Kelly's four-year PhD allowed him a year's initial training in the bio-sciences. He now analyses data from experiments on proteins, looking for patterns from which to infer relationships between them.

"We didn't have systems this size until recently," he says. "Thousands of things interacting with thousands of other things. It's all very new." Not only is analysis of this data, on this scale, novel, but it opens up the possibility of developing new statistical techniques, potentially feeding back into mathematics.

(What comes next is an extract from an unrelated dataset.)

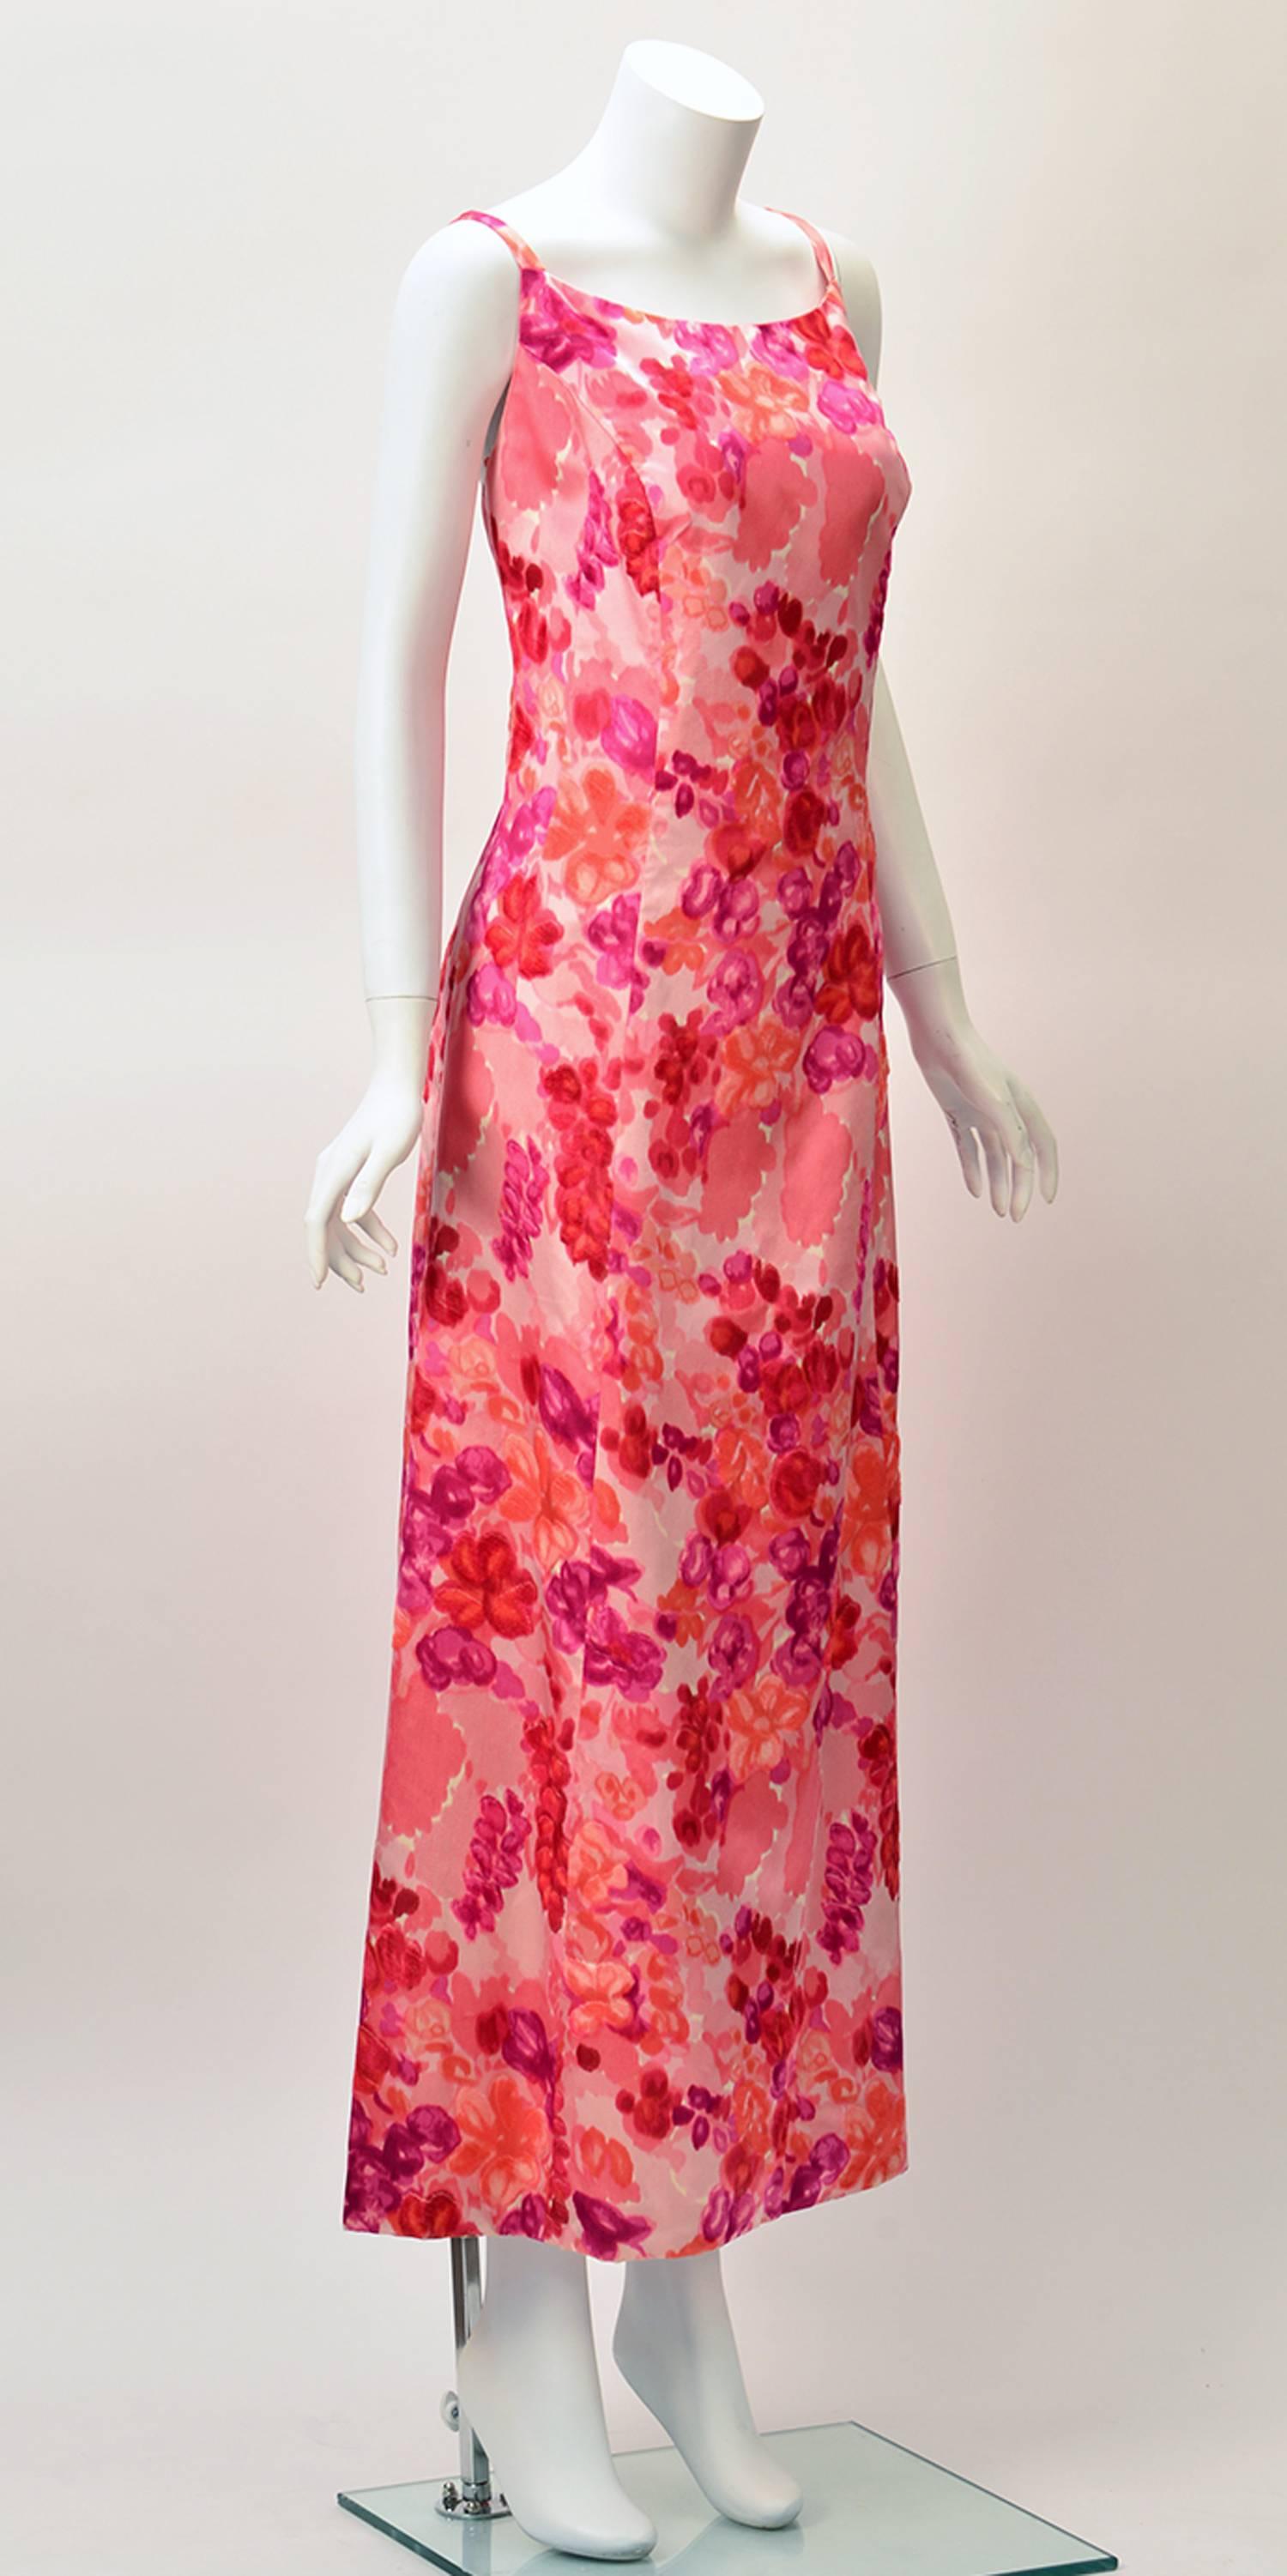 
Perfect for spring and summer comes this 1964 silk satin salmon pink evening gown with velvet flowers.  The floral motifs are velvet in berry colors.  Square neckline with an open back. Dress features princess seams. Zipper center back. 
 
Modern

Yet many postgraduates are still attracted to the thrill of more traditional bio-science research. Claire Bourke is doing a PhD at the University of Edinburgh in the immunoepidemiology of Schistosoma haematobium infections in humans, a parasitic worm that infects one-third of sub-Saharan Africans.

"It's a tricky bugger," she says. "It's very good at what it does and we don't really know how to get rid of it." Patients given drug treatment are often soon reinfected. It lives alongside patients' immune response, in the process causing bladder, liver and kidney damage, and possibly contributing to HIV and malarial infection. "It's interesting intellectually but at a human level as well," she says. "I want to do something useful."

It is still possible to achieve similar results to the wizardry of synthetic biology by traditional means. Elizabeth Mitchell is doing her PhD at Newcastle University, engineering proteins by routine biological modification. By modifying proteins to make them bind to gold, she hopes to design a protein that can be injected into breaks or used with prosthetic limbs to help them bind better to patients' bones.

At present, the only way of doing this is with mammalian cell cultures. Mitchell's method will be cheaper and more accessible. "You're actually going to be making a difference to people's lives," she says.